Removed Soup Sieve fallback method, added documentation.

author: Leonard Richardson <leonardr@segfault.org> 2023-02-07 10:37:50 -0500
committer: Leonard Richardson <leonardr@segfault.org> 2023-02-07 10:37:50 -0500
commit: 7eedde44d45f99340bcf98384dfb11295ffcebdd (patch)
tree: a1398bc82bb843b90631aa2941787a37e0e5ab98
parent: 6d70cafddd4a265feec5a30cc5b302fd6fbaeb83 (diff)
4 files changed, 159 insertions, 84 deletions
diff --git a/CHANGELOG b/CHANGELOG
index 086be15..6d83cf7 100644
--- a/CHANGELOG
+++ b/CHANGELOG
@@ -3,6 +3,30 @@ Note: Beautiful Soup's official support for Python 2 ended on January 1st,
 4.9.3. In the Launchpad Git repository, the final revision to support
 Python 2 was revision 70f546b1e689a70e2f103795efce6d261a3dadf7.
 
+= 4.12.0 (Unreleased)
+
+* Introduced the .css property, which centralizes all access to
+  the Soup Sieve API. This allows Beautiful Soup to give direct
+  access to as much of Soup Sieve that makes sense, without cluttering
+  the BeautifulSoup and Tag classes with a lot of new methods.
+
+  This does mean one addition to the BeautifulSoup and Tag classes
+  (the .css property itself), so this might be a breaking change if you
+  happen to use Beautiful Soup to parse XML that includes a tag called
+  <css>. In particular, code like this will not work in 4.12.0:
+
+    soup.css['id']
+
+  Code like this will work just as before:
+
+    soup.find_one('css')['id']
+
+  The Soup Sieve methods supported through the .css property are
+  select(), select_one(), iselect(), closest(), match(), filter(),
+  and escape().
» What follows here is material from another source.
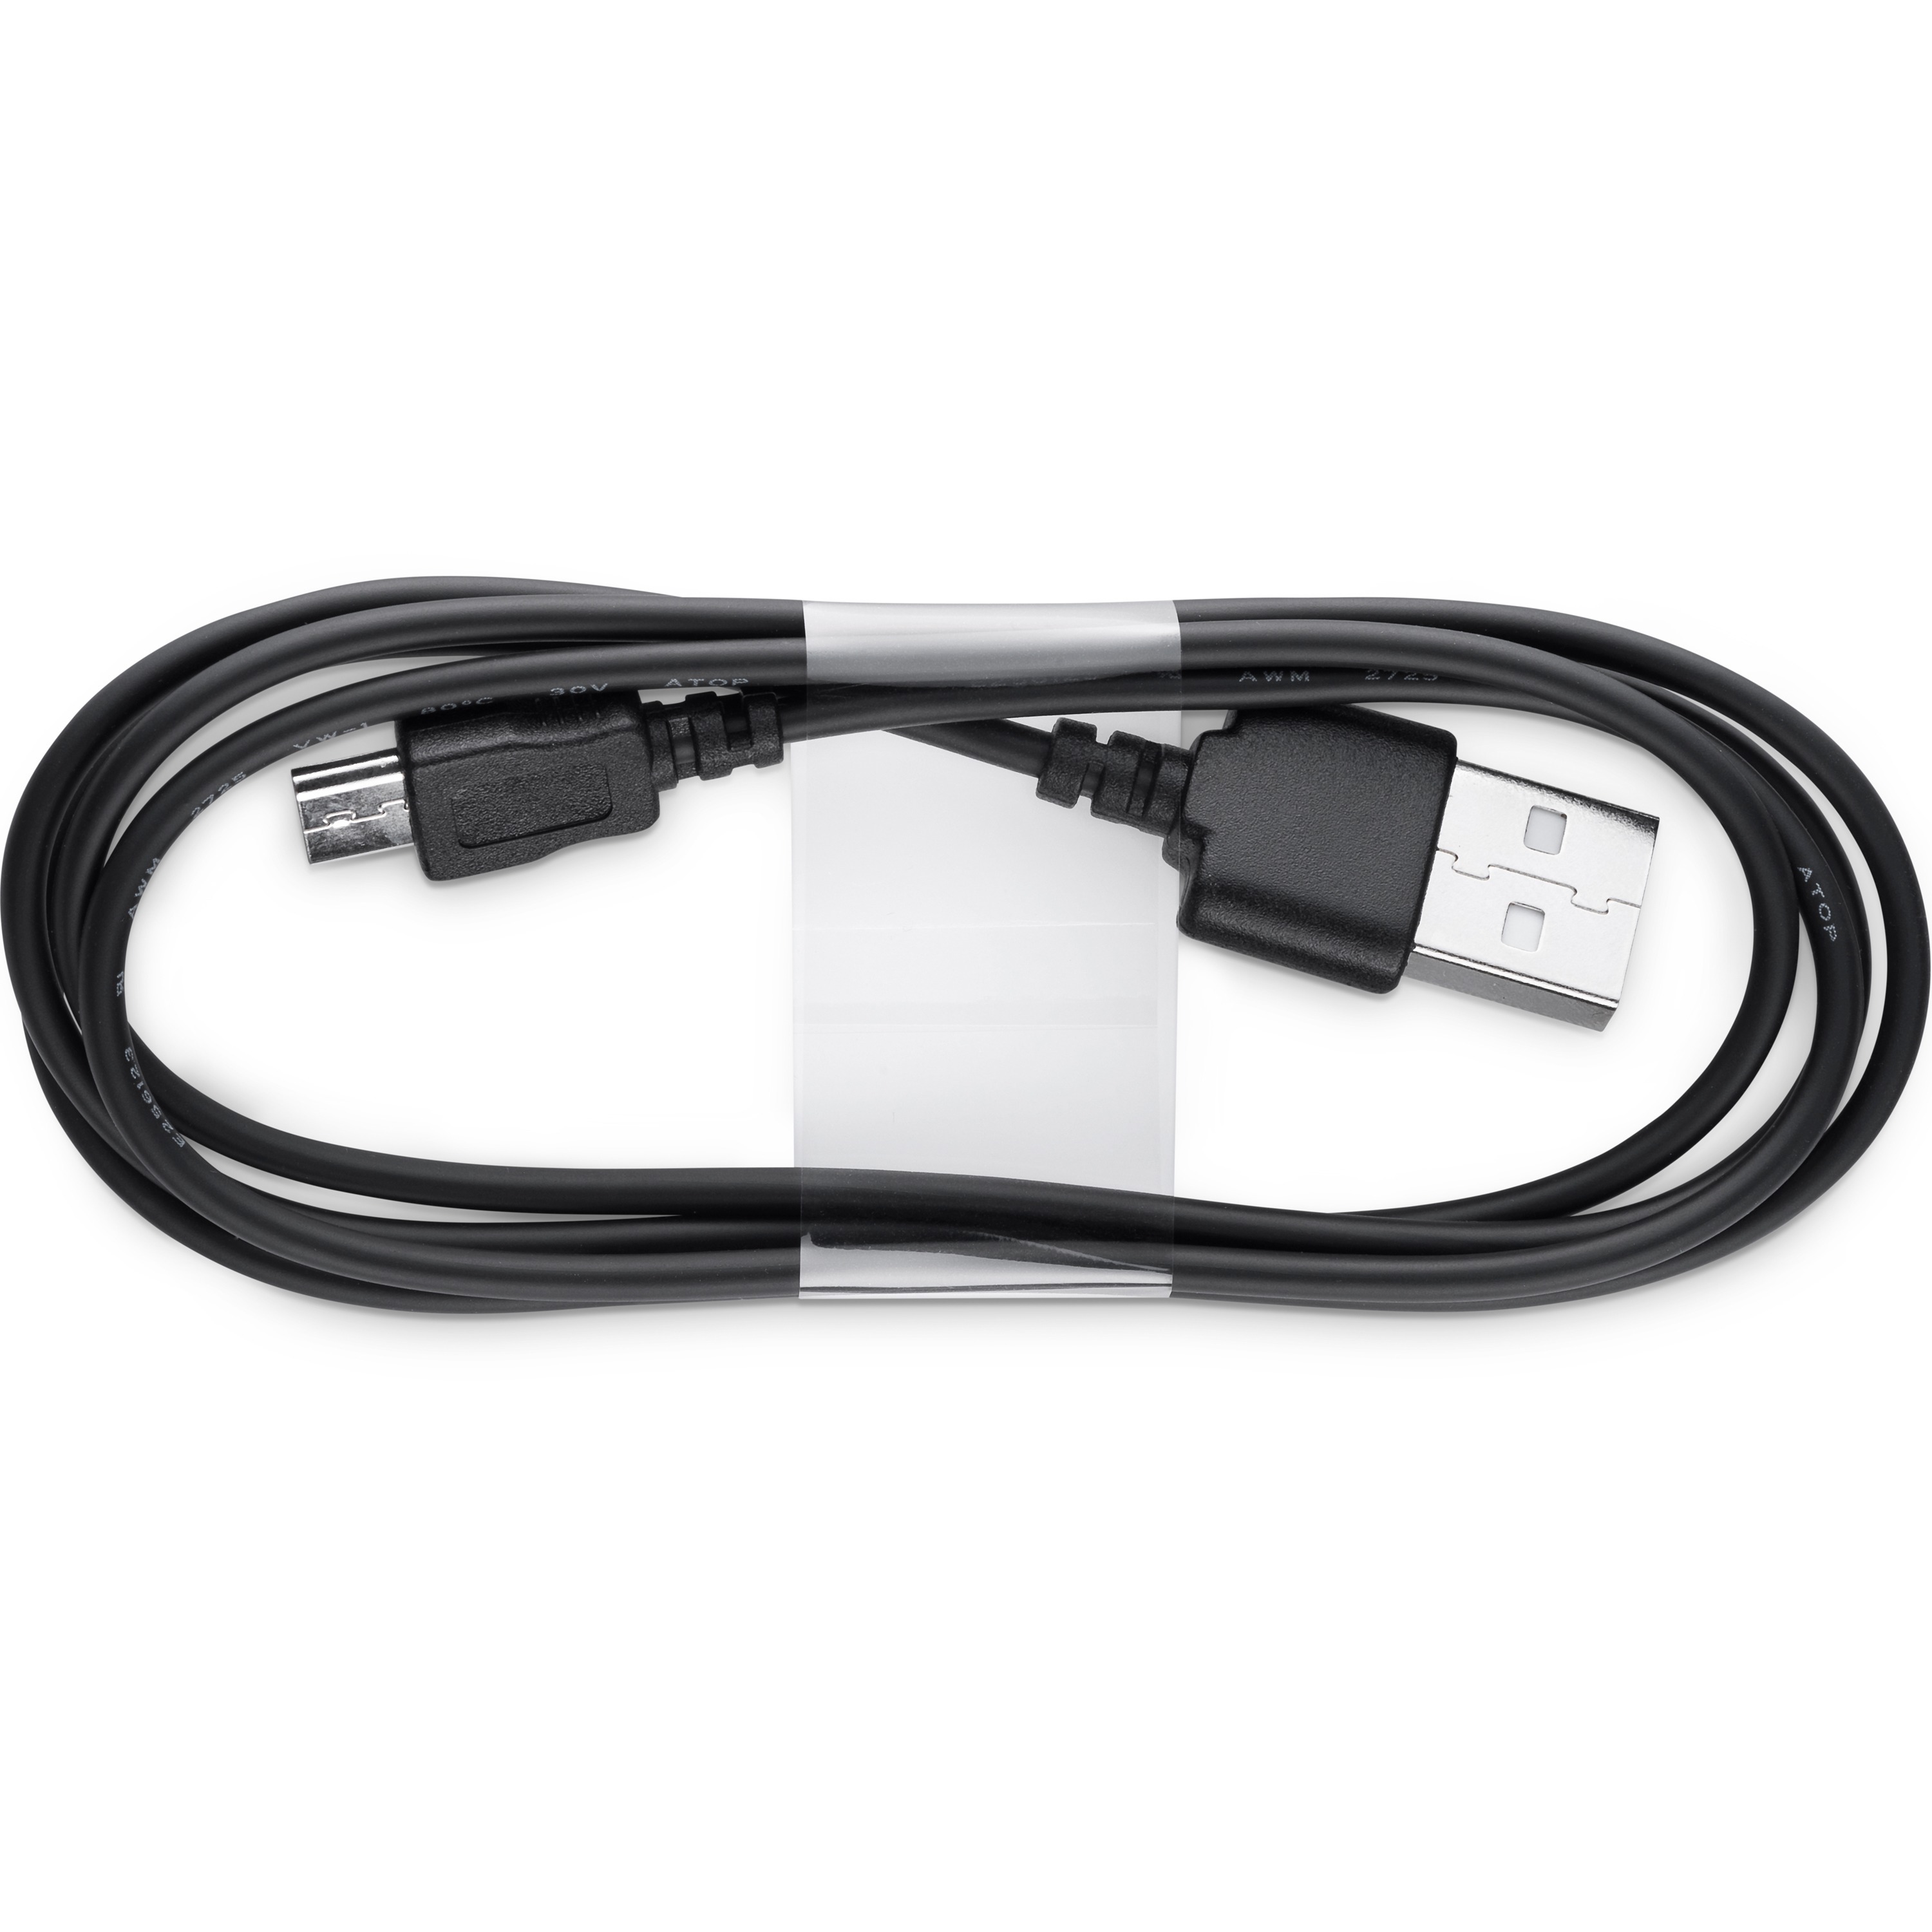 WACOM ACK42206 Black USB Cable - image 2 of 2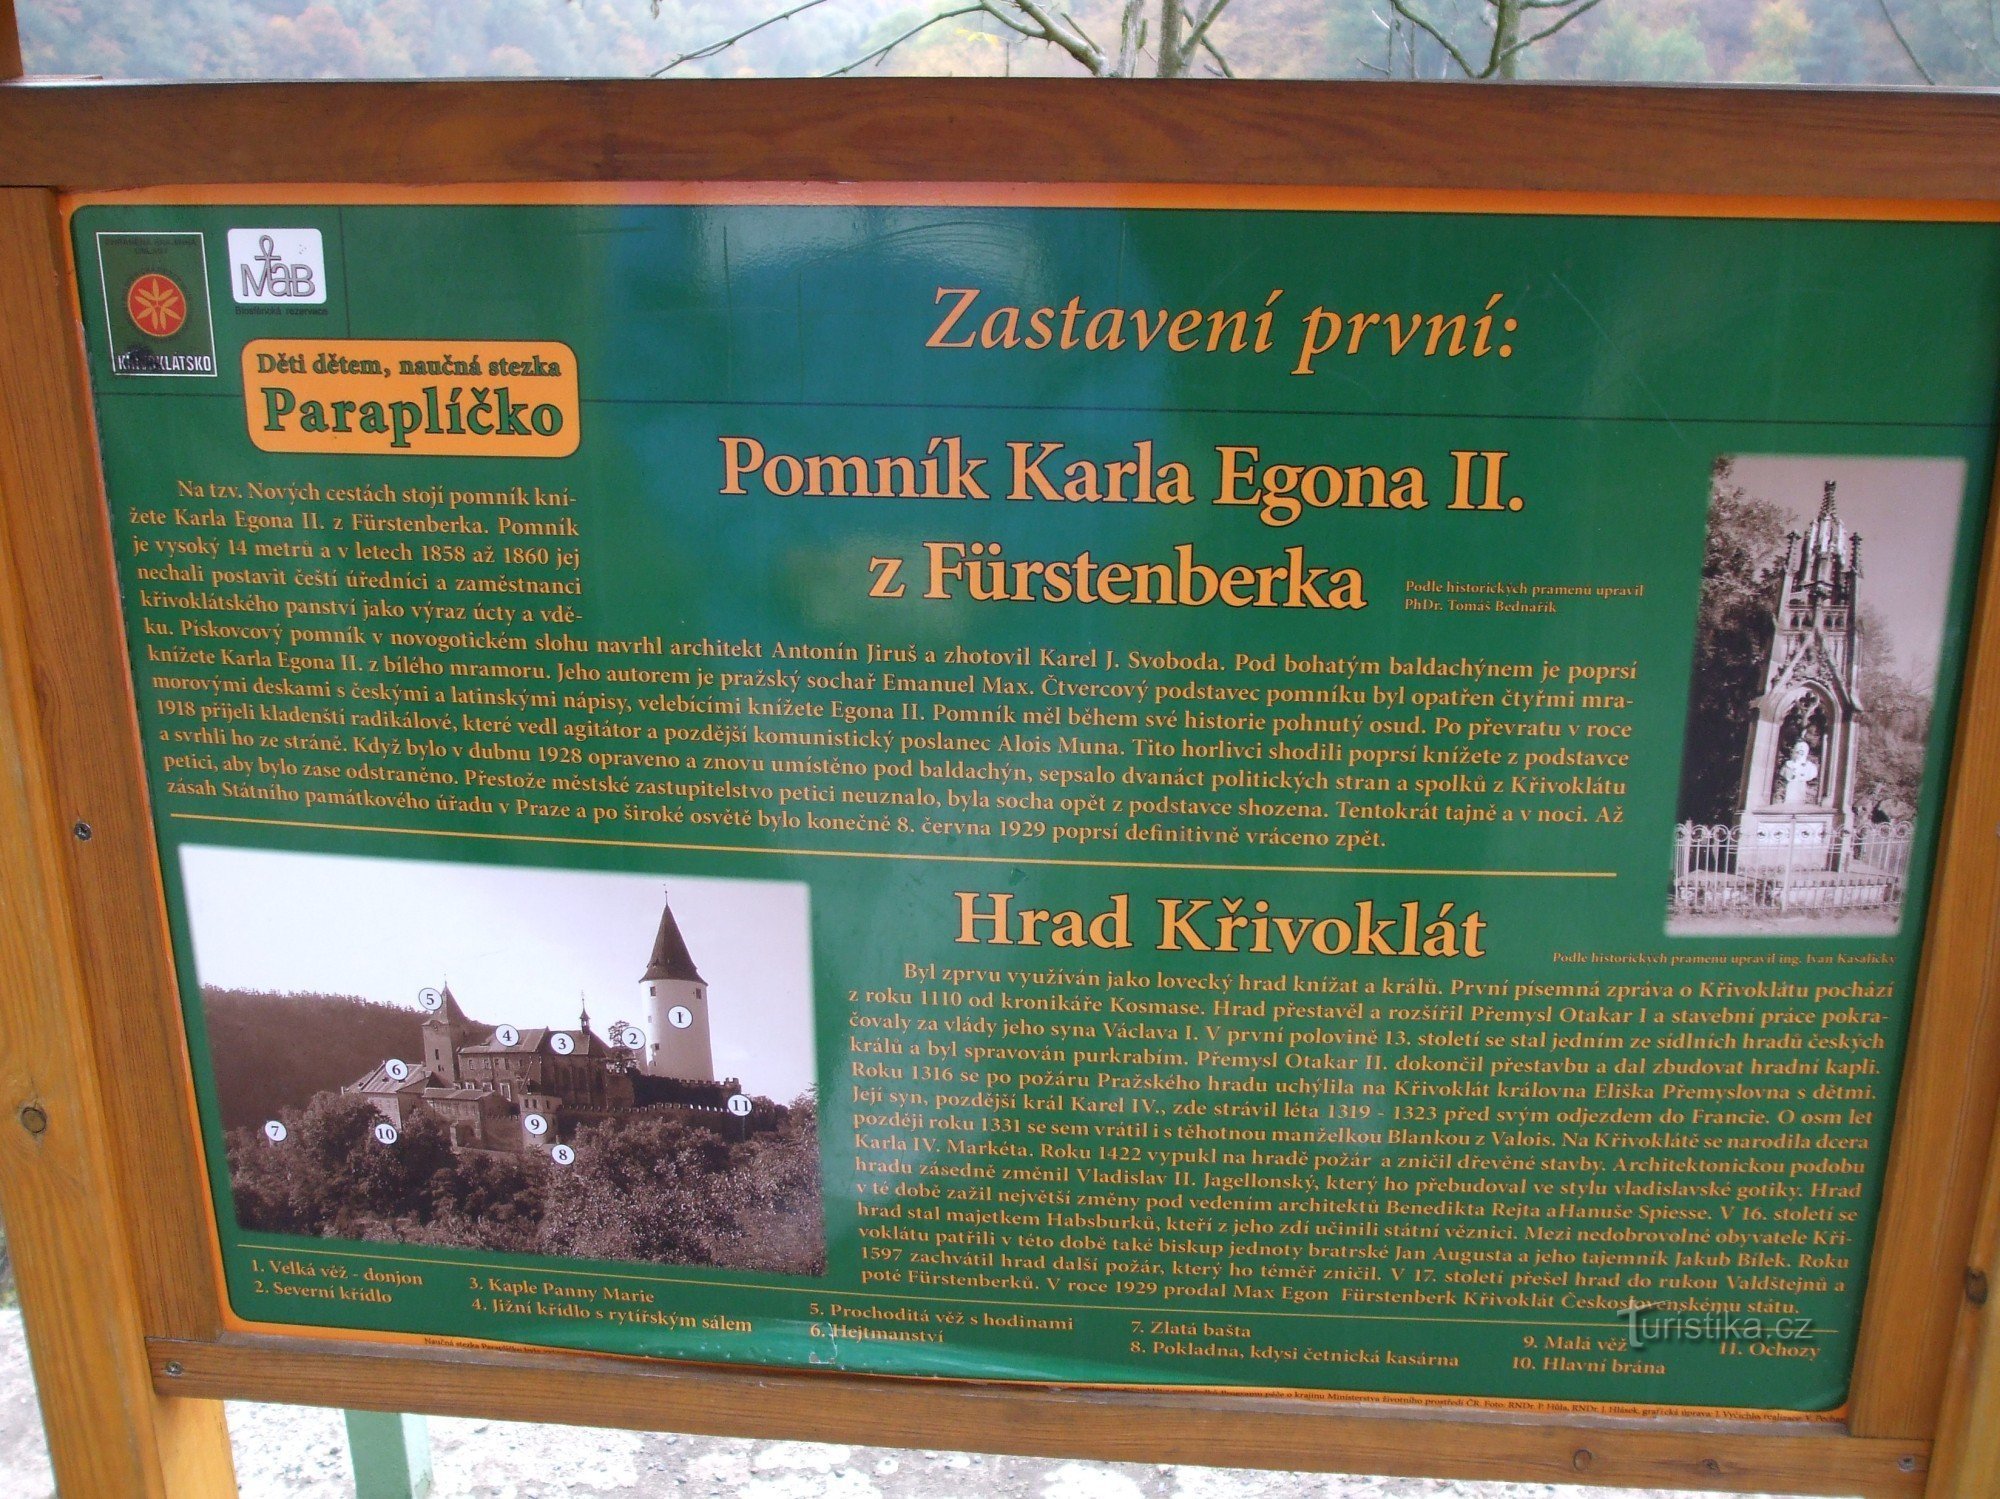 Prinssi Karl Egon II:n muistomerkki. Fürstenbergistä Křivoklátissa.

The BeautifulSoup and Tag classes still support the
+  select() and select_one() methods; they have not been deprecated,
+  but they have been demoted to convenience methods.
+
 = 4.11.2 (20230131)
 
 * Fixed test failures caused by nondeterministic behavior of
diff --git a/bs4/css.py b/bs4/css.py
index 8b76139..b237051 100644
--- a/bs4/css.py
+++ b/bs4/css.py
@@ -33,6 +33,8 @@ class CSS(object):
         :param tag: All CSS selectors will use this as their starting
         point.
 
+        :param api: A plug-in replacement for the soupsieve module,
+        designed mainly for use in tests.
         """
         if api is None:
             raise NotImplementedError(
@@ -63,9 +65,9 @@ class CSS(object):
         """Normalize a list of results to a Resultset.
 
         A ResultSet is more consistent with the rest of Beautiful
-        Soup, and ResultSet.__getattr__ has a helpful error message if
-        you try to treat a list of results as a single result (a
-        common mistake).
+        Soup's API, and ResultSet.__getattr__ has a helpful error
+        message if you try to treat a list of results as a single
+        result (a common mistake).
         """
         # Import here to avoid circular import
         from bs4.element import ResultSet
@@ -249,19 +251,3 @@ class CSS(object):
                 select, self.tag, self._ns(namespaces), flags, **kwargs
             )
         )
-
-    def __getattr__(self, __name):
-        """Catch-all method that has a chance of giving access to future
-        methods to be added to Soup Sieve without needing a Beautiful Soup
-        API change.
-
-        Basically, if you call tag.css.somemethod(selector), this code will
-        turn that into soupsieve.somemethod(selector, tag).
-        """
-        attr = getattr(self.api, __name)
-        if callable(attr):
-            return (
-                lambda pattern, *args, __tag=self.tag, __attr=attr, **kwargs:
-                attr(pattern, __tag, *args, **kwargs)
-            )
-        return attr
diff --git a/bs4/tests/test_css.py b/bs4/tests/test_css.py
index a6c17de..cf73831 100644
--- a/bs4/tests/test_css.py
+++ b/bs4/tests/test_css.py
@@ -474,25 +474,20 @@ class TestCSSSelectors(SoupTest):
         assert m(".foo#bar") == '\\.foo\\#bar'
         assert m("()[]{}") == '\\(\\)\\[\\]\\{\\}'
         assert m(".foo") == self.soup.css.escape(".foo")
-
-    def test_fallback(self):
+        
+    def test_api_replacement(self):
+        # You can pass in another object to act as a drop-in
+        # replacement for the soupsieve module.
         class Mock():
             attribute = "value"
             pass
         mock_soupsieve = Mock()
-        mock_soupsieve.some_other_method = MagicMock()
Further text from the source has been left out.